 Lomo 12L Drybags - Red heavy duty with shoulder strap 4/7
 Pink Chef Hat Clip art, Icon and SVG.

*-*-*

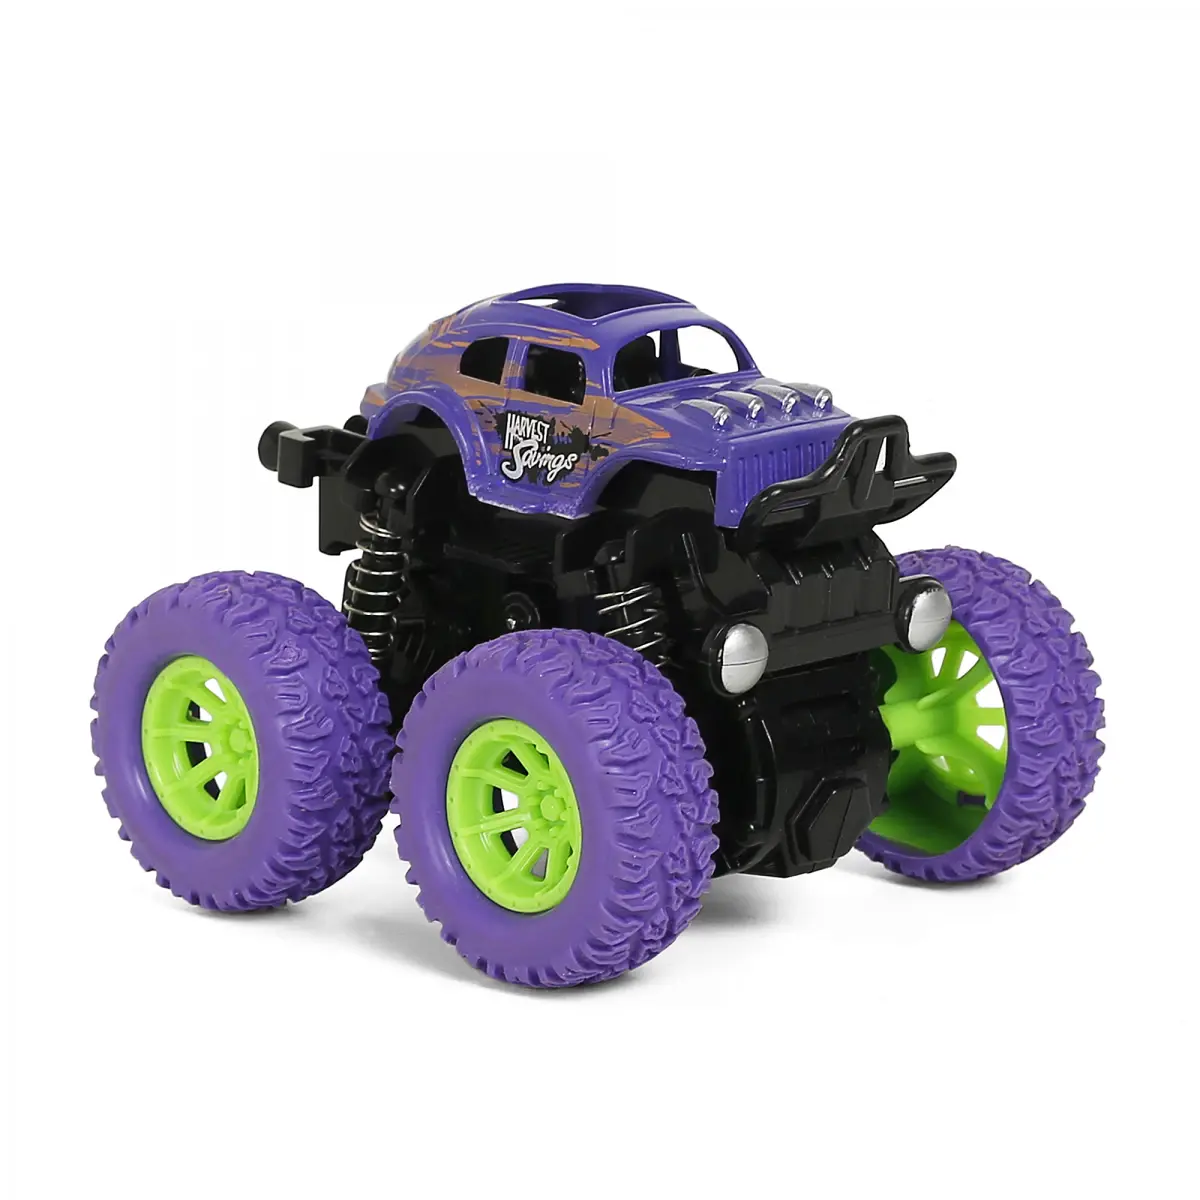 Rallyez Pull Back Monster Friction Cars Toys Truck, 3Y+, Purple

*-*-*

## Aim of the exercise:
All lines in the listing above from the line containing "Lomo 12L Drybags" to the line containing "Pink Chef Hat Clip art, Icon and SVG.", inclusive, should be retyped exactly; no other lines should appear.

## Output of the task:
 Lomo 12L Drybags - Red heavy duty with shoulder strap 4/7
 Pink Chef Hat Clip art, Icon and SVG.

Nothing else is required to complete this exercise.